NetGalley, Birgitta Gustafson

Rating: 5 out of 5 stars

This was an informative read, it was great to read more about the concept of death in general but also to learn more about the specific Victorian era regarding death was fascinating.

NetGalley, A D

4.5 stars

‘Even if death arrived after a long life well lived, or is actively welcomed due to illness, pain or suffering - sadness and loss always pervades. In contemplating what happens when you die, spare a thought not for those who pass away, but those who still live on.’

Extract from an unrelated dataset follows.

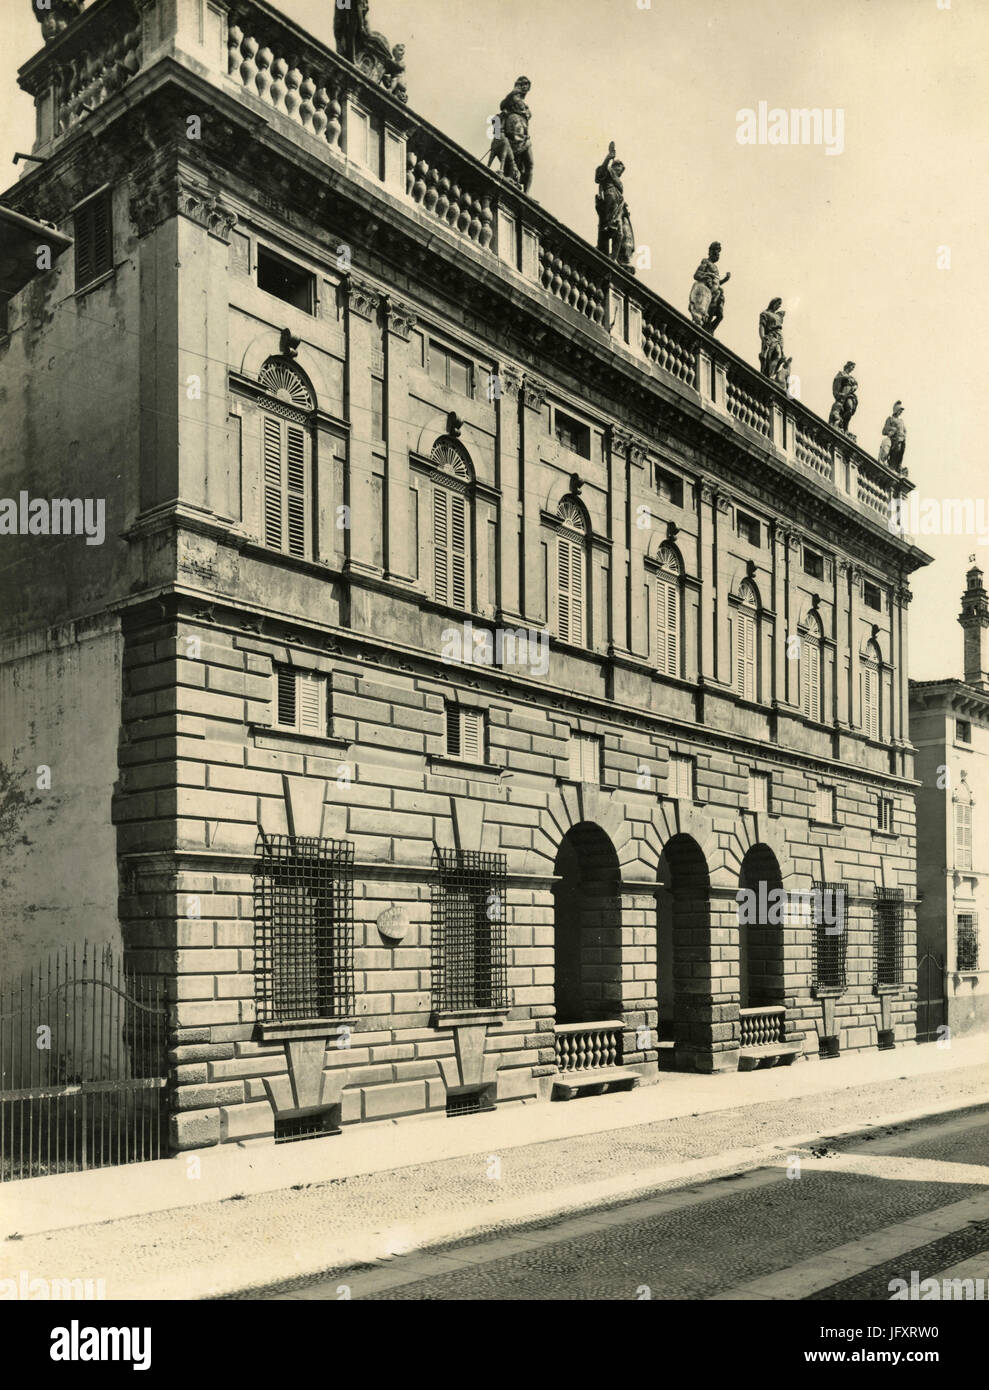 Palazzo Canossa, Verona, Italy Stock Photo - Alamy

I adore reading about the Victorian era and with just the title alone I knew I NEEDED this book.

Reading about Edinburgh/Burke & Hare was great :)

It was interesting to see how death had changed over time.

This book has added many more books to by TBR and has made me want to do some travelling as I enjoy visiting graves/researching them.

‘During the early part of the nineteenth century, the dead were either the stuff of nightmares, piled up in such numbers they polluted the realm of the living; or raw materials, callously traded for coin, only to be stripped and reduced to chunks of meat to be dissected and prodded for knowledge.’

A must read for history readers and those with a curiosity for death and the Victorians.

Georgi Lvs Books !!

About Adrian Mackinder

Adrian Mackinder is a writer and performer. He has twenty years’ freelance experience scribbling for just about everyone, from The Guardian, British Government and the BBC to Cartoon Network, LEGO and The Beano.
Adrian is also a professional improviser, actor and comedian. Head Writer at Comedy Central UK for five years, he has performed live on stage in the UK, US and mainland Europe. Adrian lives with his family in Copenhagen where he struggles daily with being an Englishman abroad.